When you first receive a fresh reel of PLA, you may notice that it comes vacuum-sealed in a bag with a little package of dessicant. With these items usually comes the instruction to keep it properly stored in a cool dry place to prevent moisture absorption (and that new material smell).
Why is moisture absorption so bad? From the RepRap Wiki on PLA:
PLA can absorb moisture from the air. When it is heated this moisture can turn to steam bubbles which with certain hot end (extruder head) designs can interfere with printing. The symptom is that when the extruder motor stops the PLA kept coming out. When the stepper starts again there is a significant delay. Occasionally the tip may blow a bubble with a tiny puff of what looked like steam.

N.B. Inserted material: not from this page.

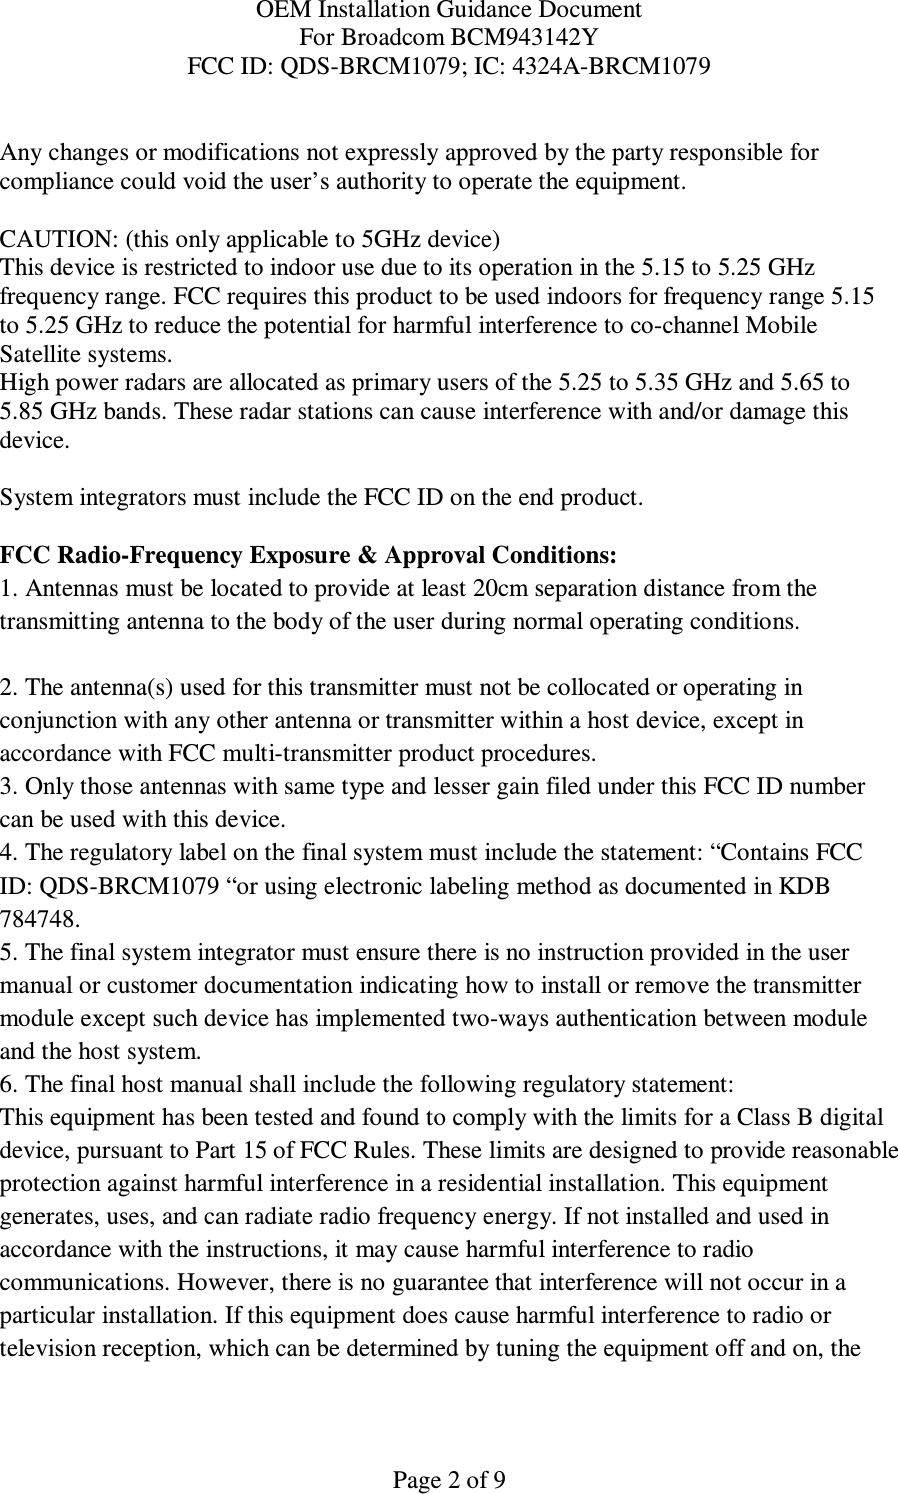 OEM Installation Guidance Document For Broadcom BCM943142Y FCC ID: QDS-BRCM1079; IC: 4324A-BRCM1079  Page 2 of 9  Any changes or modifications not expressly approved by the party responsible for compliance could void the user’s authority to operate the equipment.  CAUTION: (this only applicable to 5GHz device) This device is restricted to indoor use due to its operation in the 5.15 to 5.25 GHz frequency range. FCC requires this product to be used indoors for frequency range 5.15 to 5.25 GHz to reduce the potential for harmful interference to co-channel Mobile Satellite systems. High power radars are allocated as primary users of the 5.25 to 5.35 GHz and 5.65 to 5.85 GHz bands. These radar stations can cause interference with and/or damage this device.  System integrators must include the FCC ID on the end product.   FCC Radio-Frequency Exposure &amp; Approval Conditions: 1. Antennas must be located to provide at least 20cm separation distance from the transmitting antenna to the body of the user during normal operating conditions.  2. The antenna(s) used for this transmitter must not be collocated or operating in conjunction with any other antenna or transmitter within a host device, except in accordance with FCC multi-transmitter product procedures. 3. Only those antennas with same type and lesser gain filed under this FCC ID number can be used with this device. 4. The regulatory label on the final system must include the statement: “Contains FCC ID: QDS-BRCM1079 “or using electronic labeling method as documented in KDB 784748. 5. The final system integrator must ensure there is no instruction provided in the user manual or customer documentation indicating how to install or remove the transmitter module except such device has implemented two-ways authentication between module and the host system. 6. The final host manual shall include the following regulatory statement: This equipment has been tested and found to comply with the limits for a Class B digital device, pursuant to Part 15 of FCC Rules. These limits are designed to provide reasonable protection against harmful interference in a residential installation. This equipment generates, uses, and can radiate radio frequency energy. If not installed and used in accordance with the instructions, it may cause harmful interference to radio communications. However, there is no guarantee that interference will not occur in a particular installation. If this equipment does cause harmful interference to radio or television reception, which can be determined by tuning the equipment off and on, the

On top of that, it turns out that moisture absorption also contributes to a significant decrease in the tensile strength. From RepRage’s post on the matter (which has more great information and storage suggestions as well):
As you would imagine, the more water absorbed by the PLA, the weaker it becomes. Taking pure PLA, storing it in water for 30 days reduces its tensile strength by 6%. Doesn’t sound too bad right? Well. In the Re-dried condition, the tensile strength of PLA drops by a massive 33%. Enough to be noticeable. If you are heating up PLA enough for absorbed water to turn into steam, you are going to be drying the PLA as you go. So 3D printed ‘wet’ PLA surely falls into the re-dried category. That is, it will be up to 33% weaker than ‘dry’ PLA.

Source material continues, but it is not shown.